§ DIRECTIONS FOR THIS TASK
The lines below from the one with "Petite Malle Monogram - Women - Handbags" up to and including the one with "Soft Blue Zebra" are what you should set down, exactly and without pictures.

§ GIVEN DATA
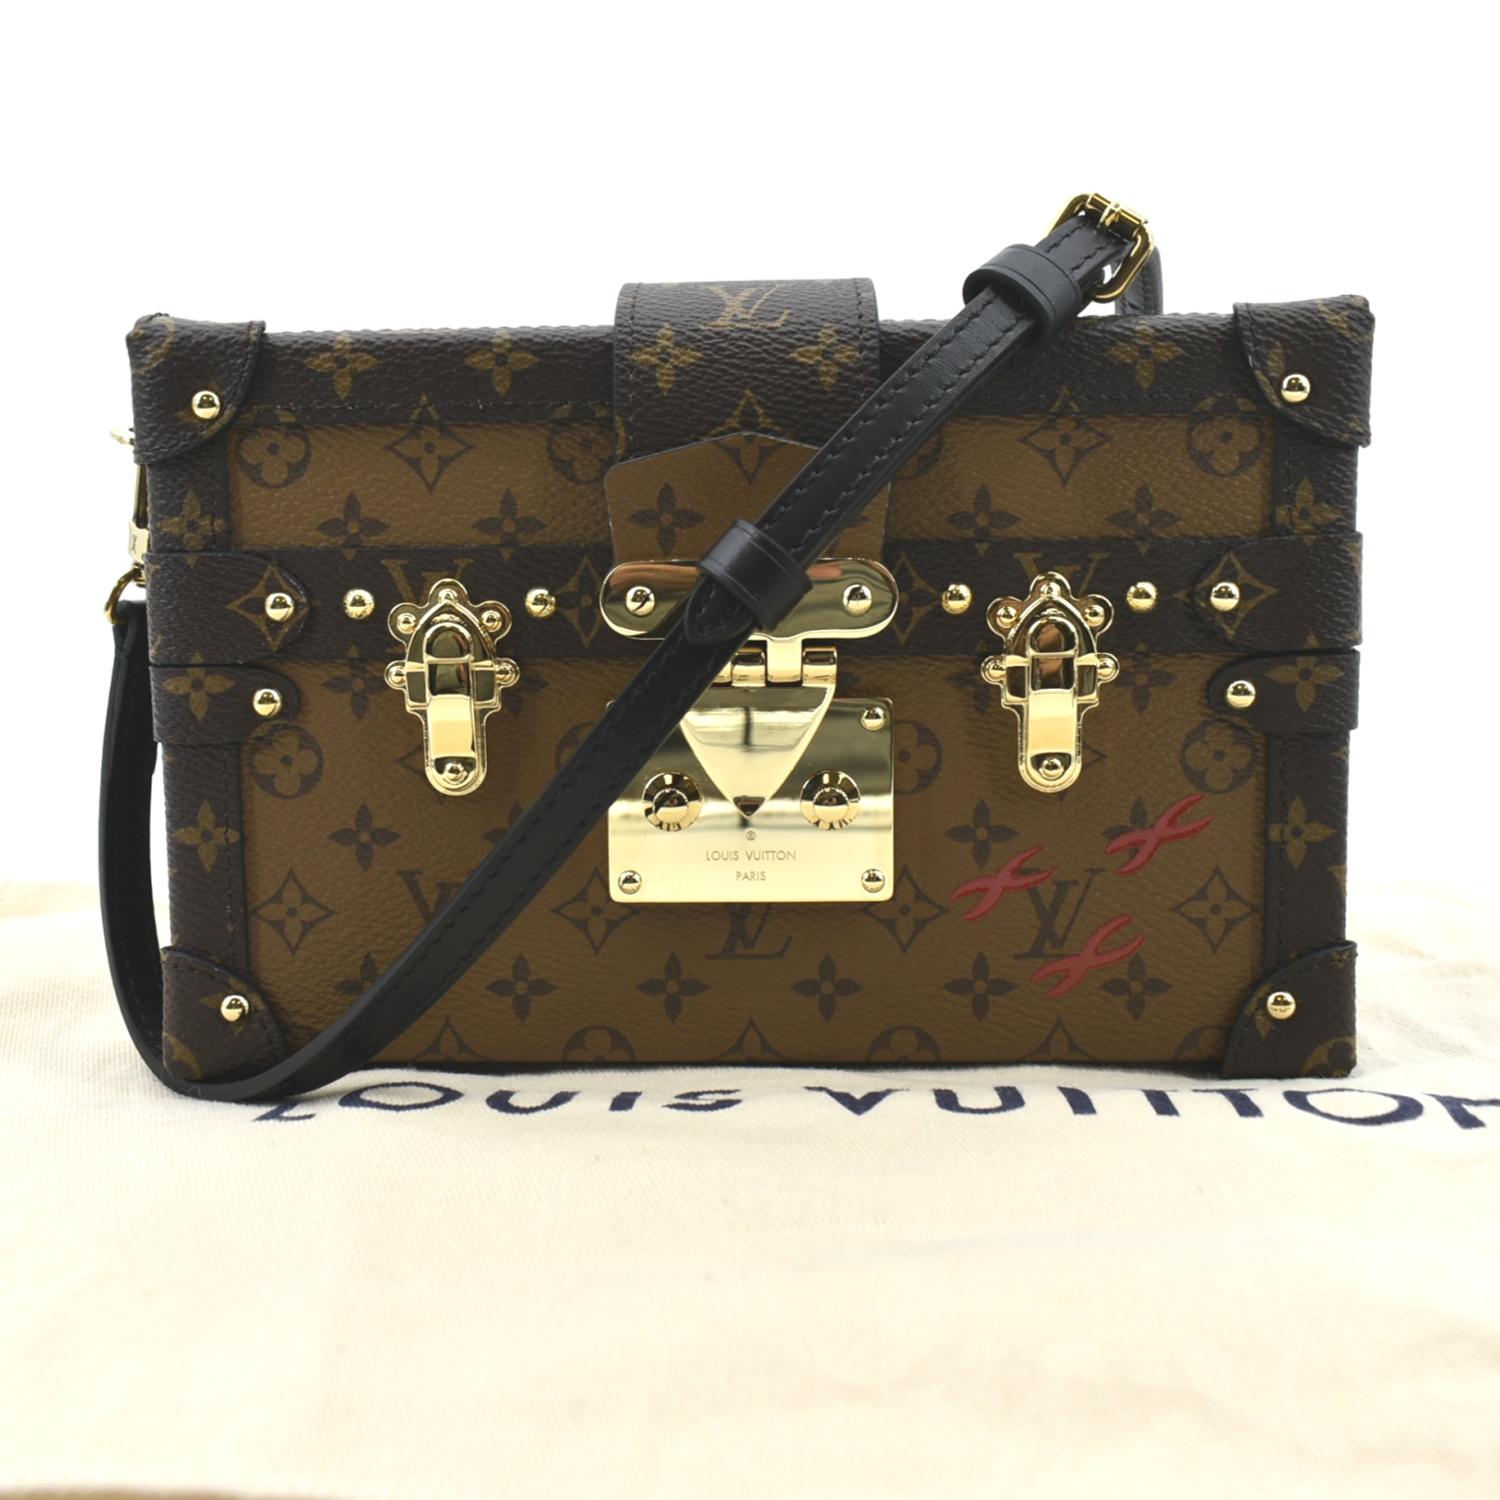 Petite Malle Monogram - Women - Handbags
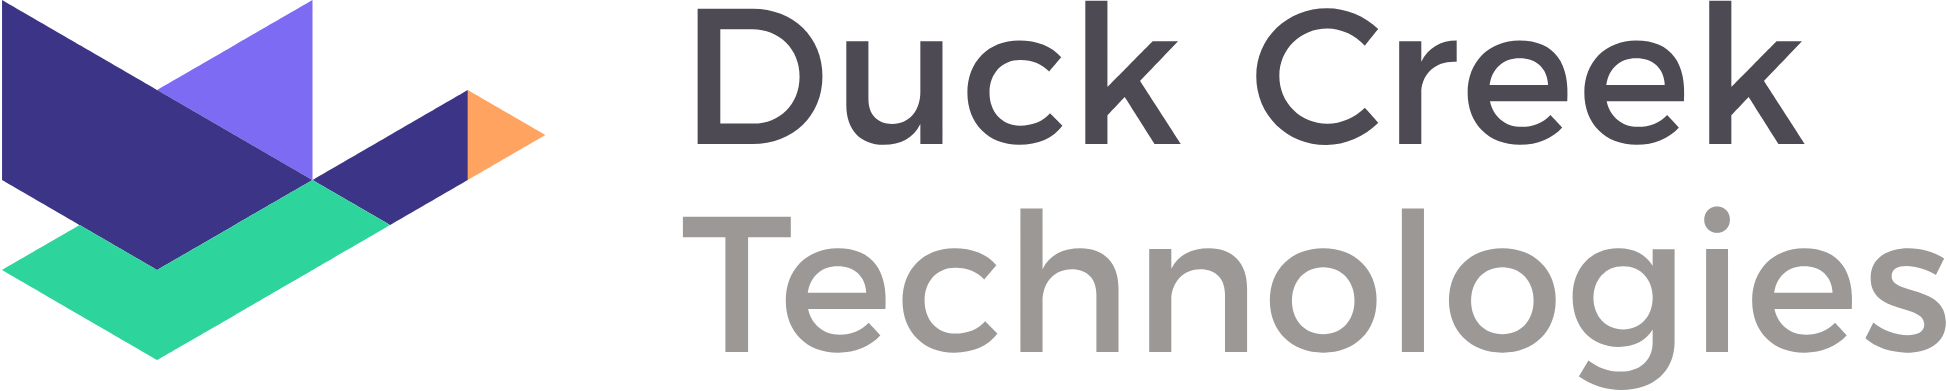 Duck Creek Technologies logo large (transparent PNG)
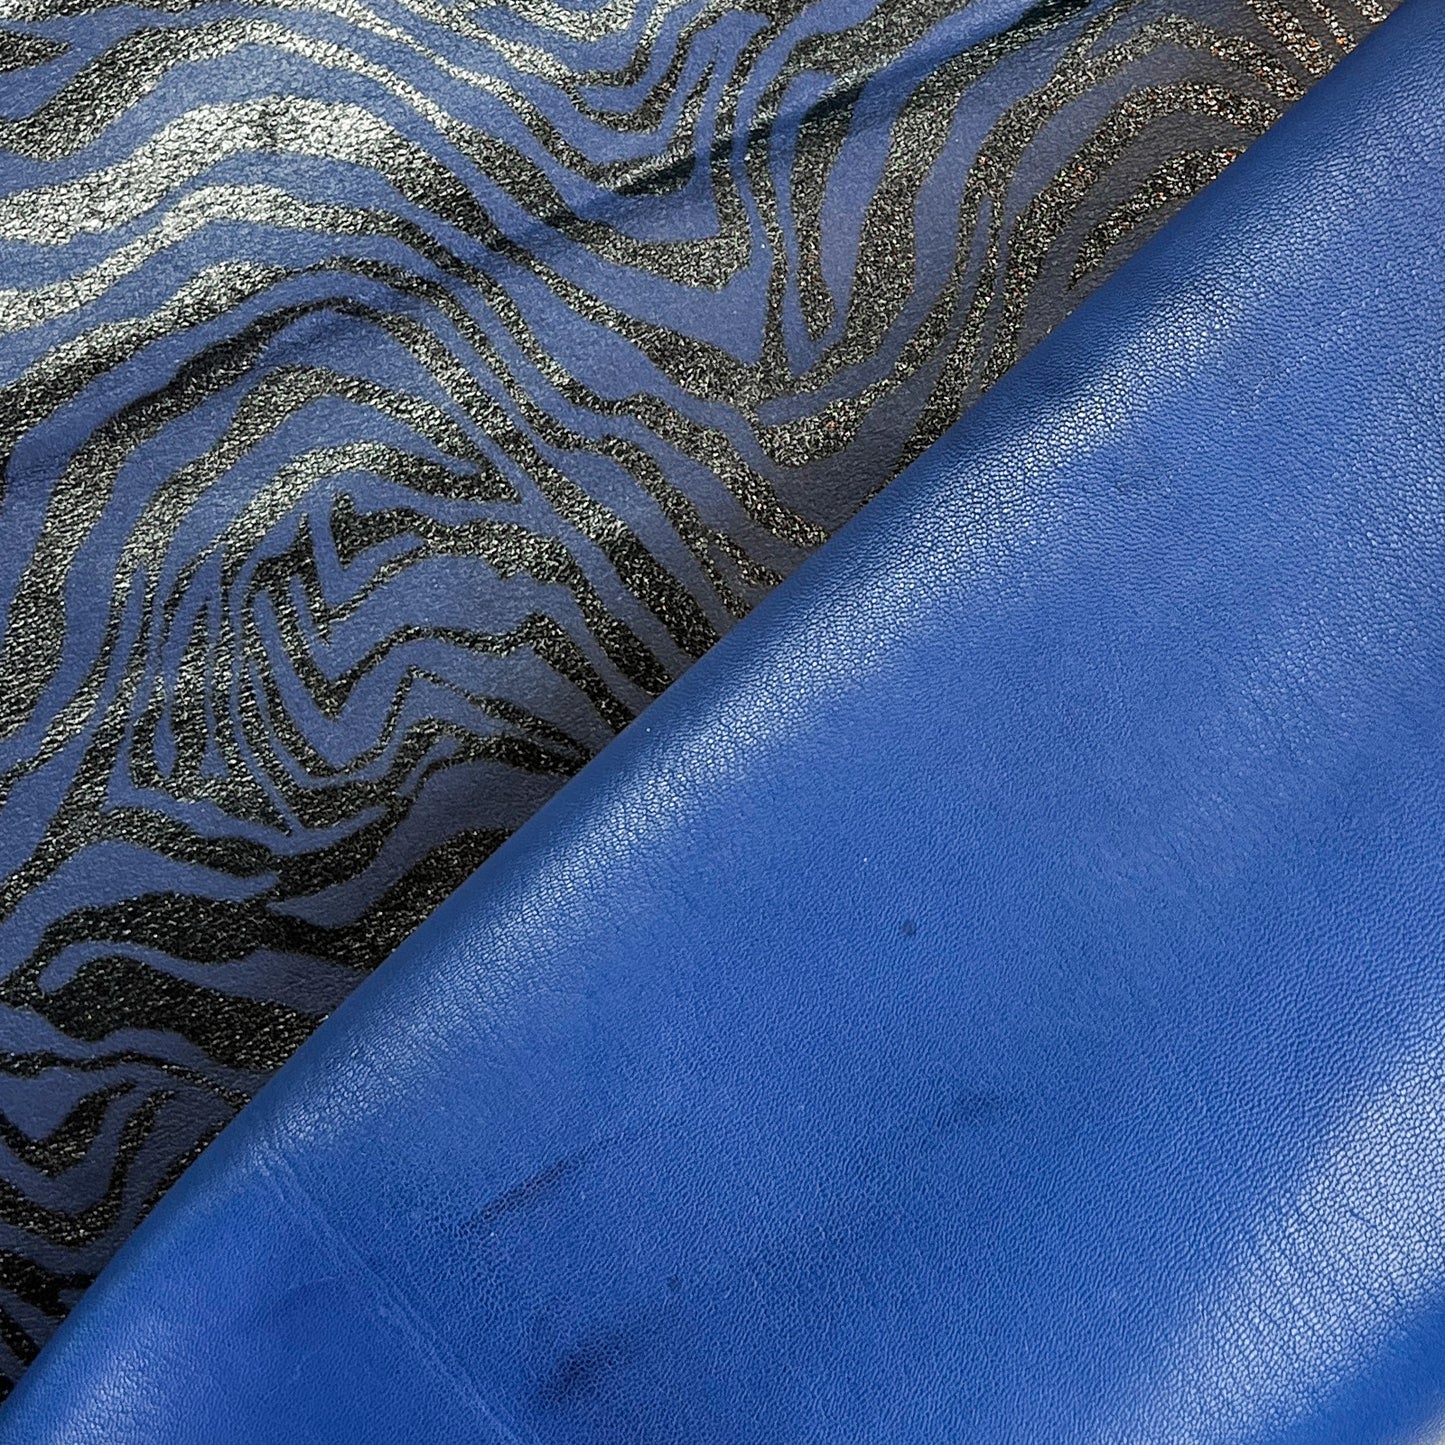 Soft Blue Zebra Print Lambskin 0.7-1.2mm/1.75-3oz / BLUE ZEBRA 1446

--

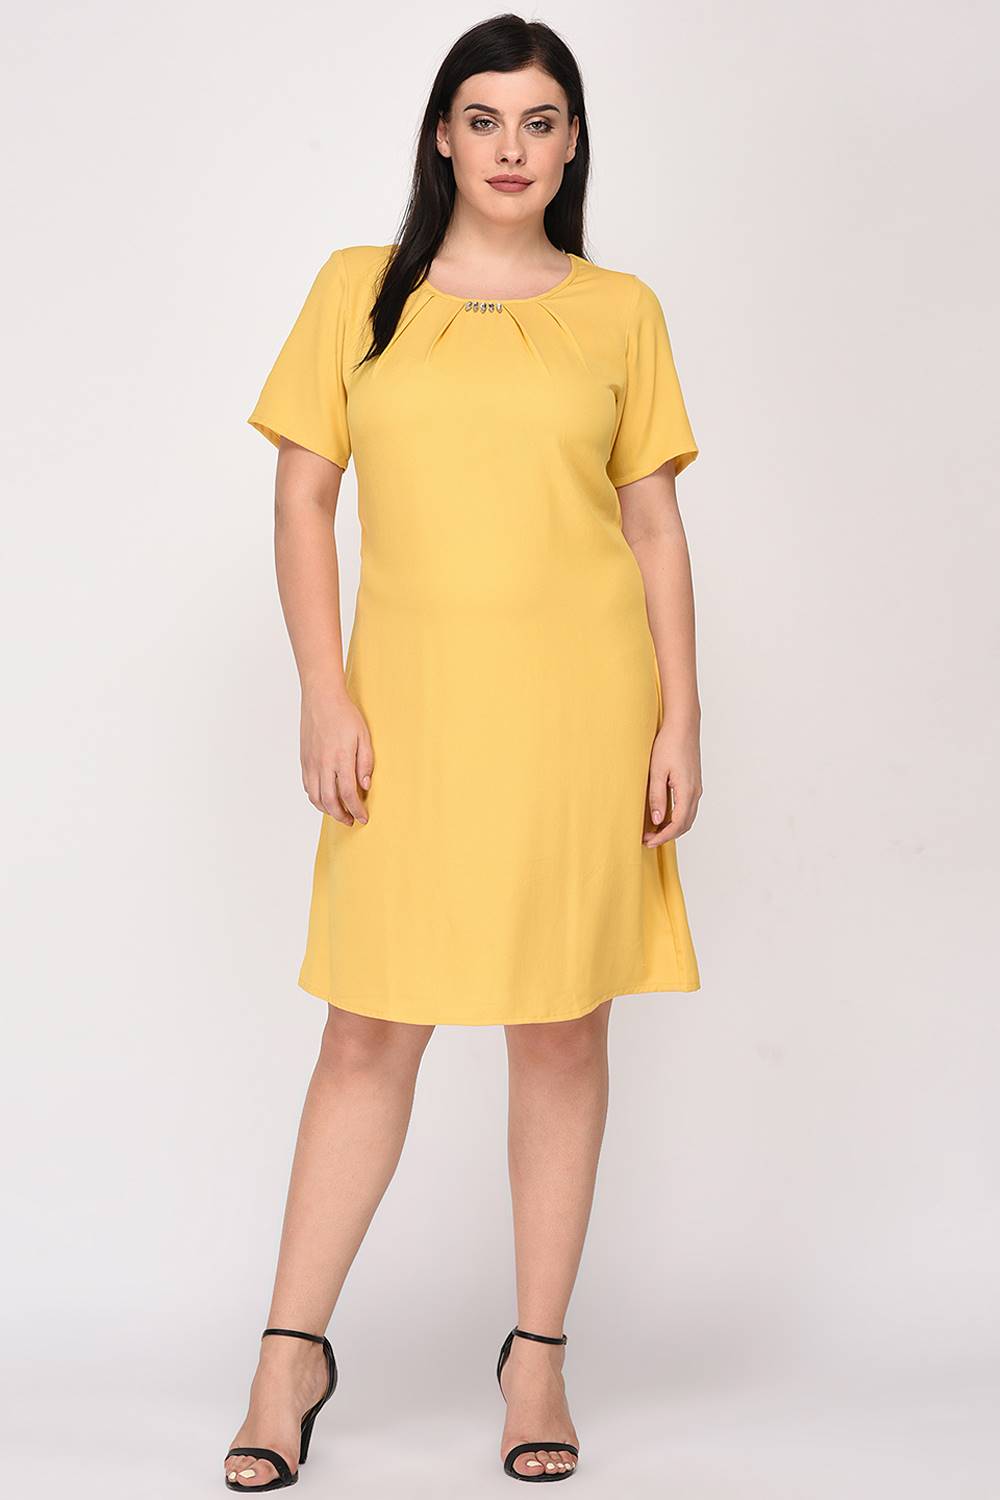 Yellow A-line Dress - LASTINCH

§ RESULT BELOW
 Petite Malle Monogram - Women - Handbags
 Duck Creek Technologies logo large (transparent PNG)
 Soft Blue Zebra Print Lambskin 0.7-1.2mm/1.75-3oz / BLUE ZEBRA 1446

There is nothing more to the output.